Battle of Rhagae
Timeline: XI: Serica & Romanum
Part of the First Silk War
Date December 1392- April 1393
Location: City of Shahr-e-Rey, Persia

1st stage: overwhelming Serican victory

2nd stage: Pyrrhic Allied victory; tactical Serican victory


Roman Empire


Islamic Abbasid Caliphate
Flag of Libya

Song Dynasty of Serica

Song flag


Tiberius Servilius


18,000 Roman soldiers with 40,000 reinforcements

20,000 Arab soldiers with 9,000 reinforcements


several cannons and firearms

Casualties and losses

60,000 killed or captured, modern estimates about 35,000

Unknown number of civilians

15,000 killed or captured

The Siege of Rhagae (Latin: Proelium in Rhagae)(simplified Chinese: 赖伊之战; traditional Chinese: 賴伊之戰; Làiyī zhī zhàn)(December 1392- August 1393) was a battle fought between the allied Roman and Arabian forces (known as the Allies) against the Song Serican army during the First Silk War. The battle ended with a decisive, strategic victory for the Allies.


Rhagae (commonly known as Shahr-e-Rey or Rey) was Southwest Asia's largest city during the Middle Ages. Located in an area of fertile lowland between the Zagros Mountains, Elburz Mountains, and the Dasht-e Kavir desert, it commanded vital routes across and around the mountains, making it a key to power over all of Persia and thus a military objective. Within days after hearing news of the war's beginning, 20,000 Abbasid Arab soldiers marched to reinforce the Roman garrison at Rey. Meanwhile, 30,000 Serican troops stationed in the Serican part of Persia were ordered to take Rey by force.

Beginning of the Siege

On December 18th, 1392, the Serican force was sighted by the scouts of the legion I Persia and battle preparations were made. Previously, a strong defensive city wall had been made by the Romans when they realized the strategic importance of Rey. By the next evening, the Serican force had arrived at the city gate, demanding the Romans surrender. The Roman general, Tiberius Servilius was unaware of the destructive power of Serican cannons and refused to surrender. When they saw the strong city wall, the Sericans began to bombard Rey heavily with cannons and caused much destruction in the opening stages of the battle, breaching the walls of Shahr-e-Rey. Although among the finest siege weapons in the world at the time, the Allied army's technologically inferior arrows, ballistae, and catapults were no match for the Serican cannons, and were quickly pushed out of Rey in January 1393.

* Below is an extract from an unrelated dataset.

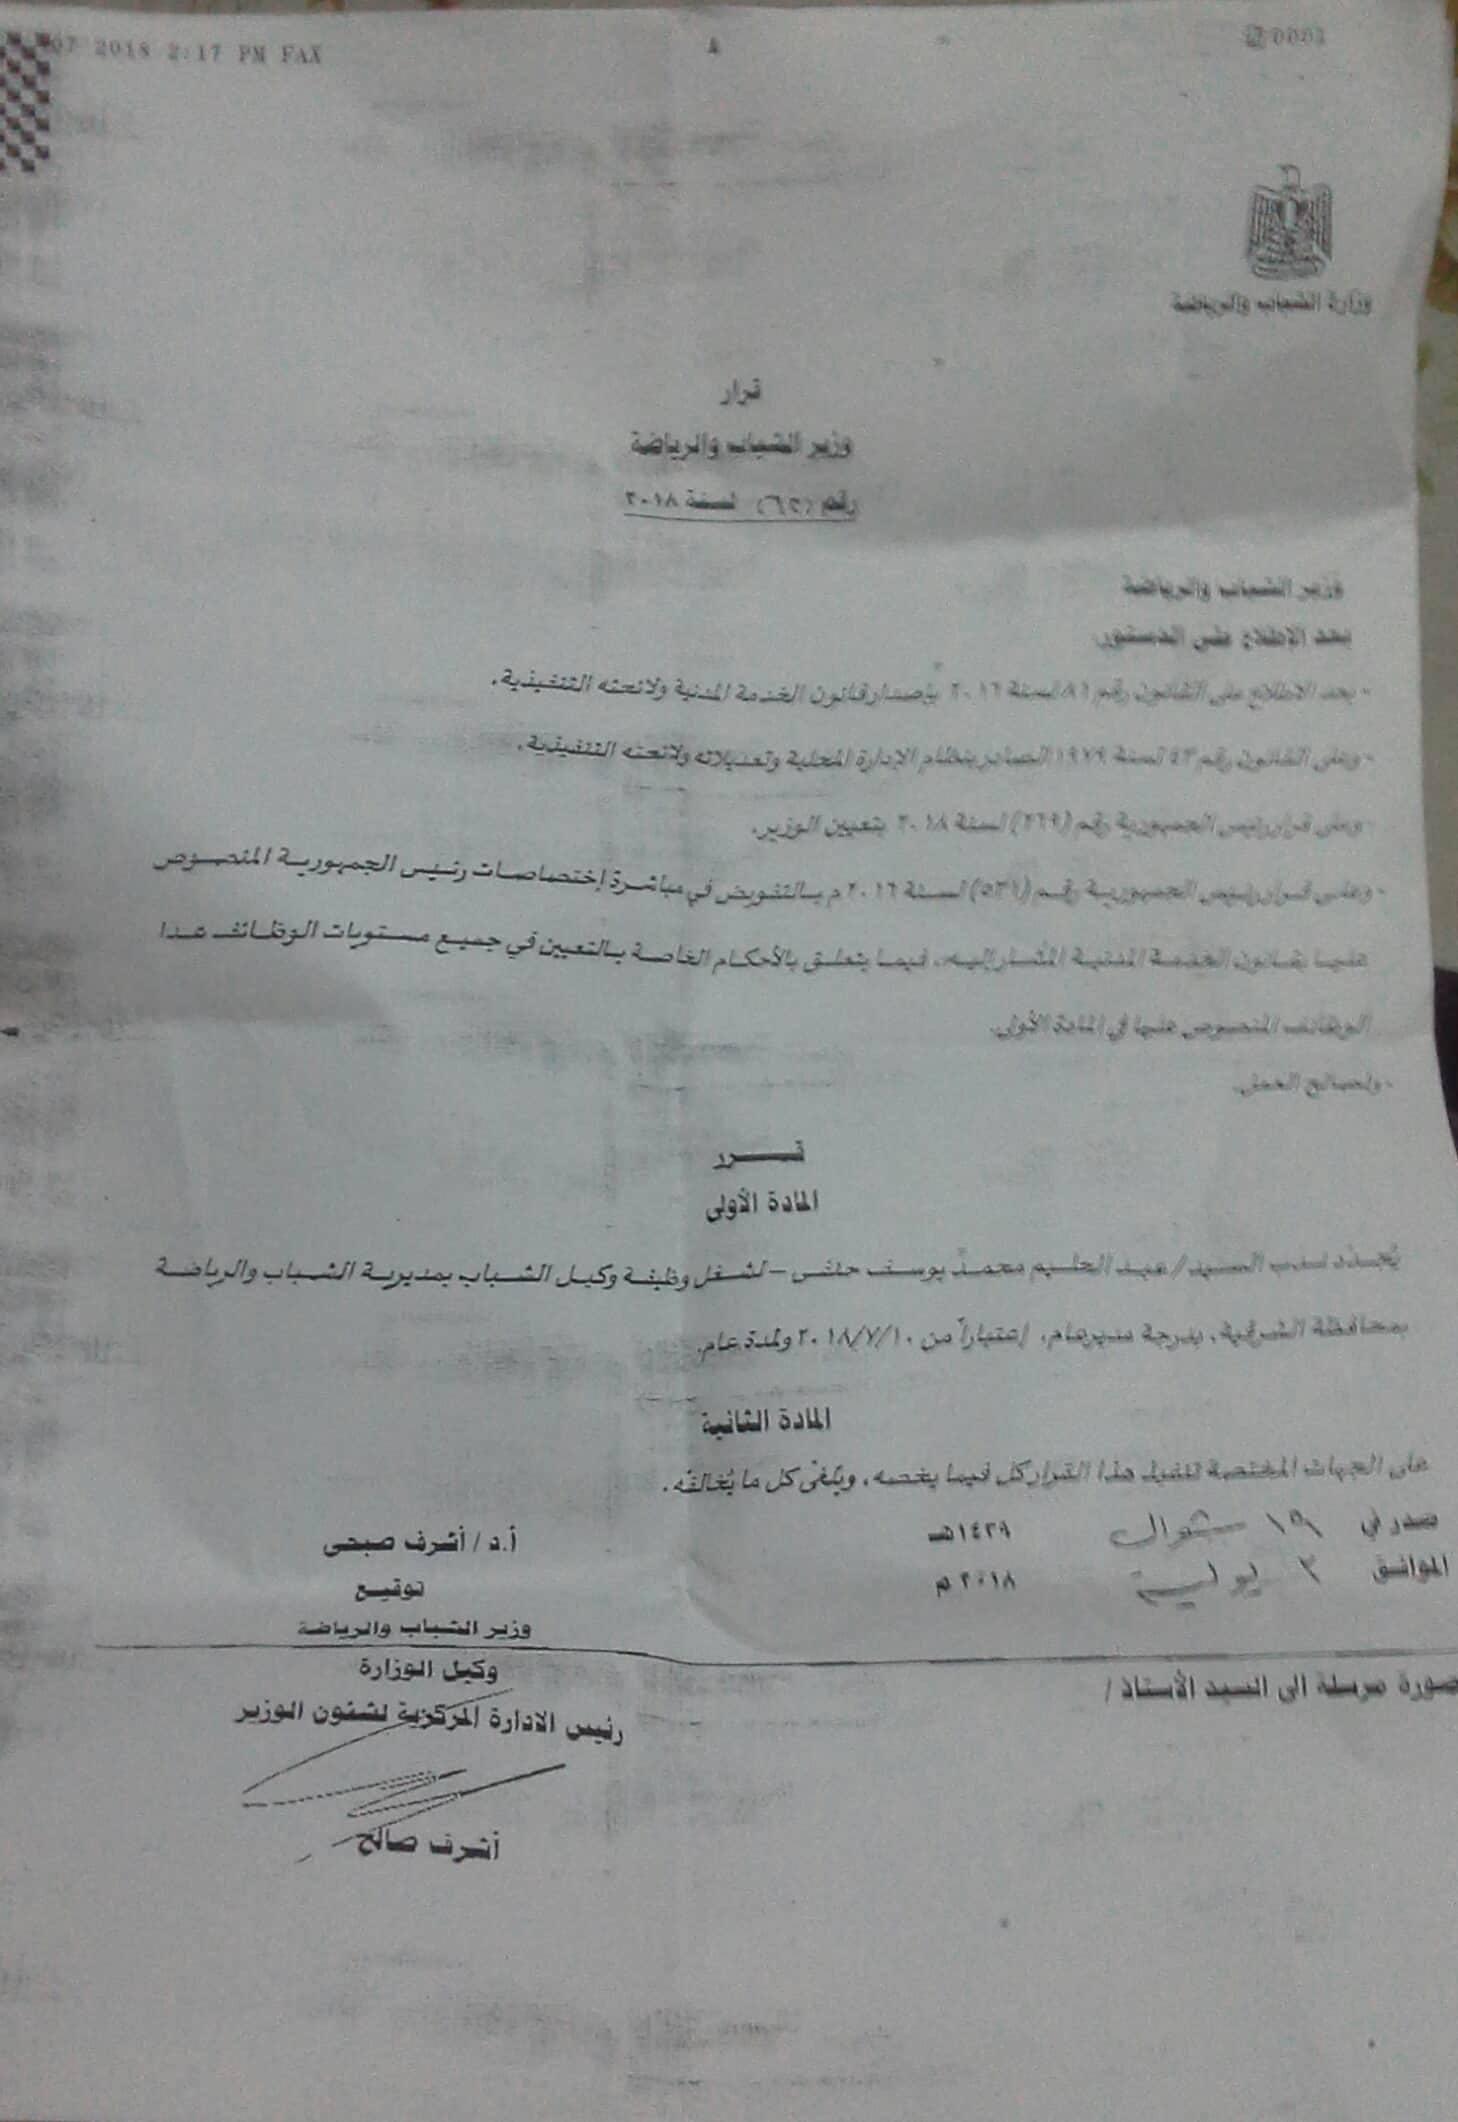 الأستاذ عبدالحليم الحنفي وكيلاً لمديرية الشباب والرياضة بالشرقية بعد تجديد الثقة به

Arrival of the Reinforcements

Realizing Asia Minor would be in danger if Rey was lost, Emperor Manuel II commanded the legions II Persia, III Persia Constantia, and IV Persia to reinforce I Persia. Along with them came 9,000 Arab reinforcements from the Islamic Abbasid Caliphate. The Allied soldiers stormed the Serican camps and cut off their supply routes. Seeing that they were heavily outnumbered, the Sericans left some of their heavy artillery and broke out of the blockade, retreating south.


The Allied army had defeated the Serican army, although with heavy casualties. Senator Tiberius Servilius was criticized and blamed for the severe casualties, but he was later praised for be able to capture the Serican firearms, which introduced the Romans and Arabs to gunpowder warfare, paving the road to modern warfare.

The defeated Sericans marched to Isfahan and regrouped with the Serican garrison there. The Romans and the Arabs followed and engaged the Serican army in the Persian city, which became known as the Battle of Isfahan.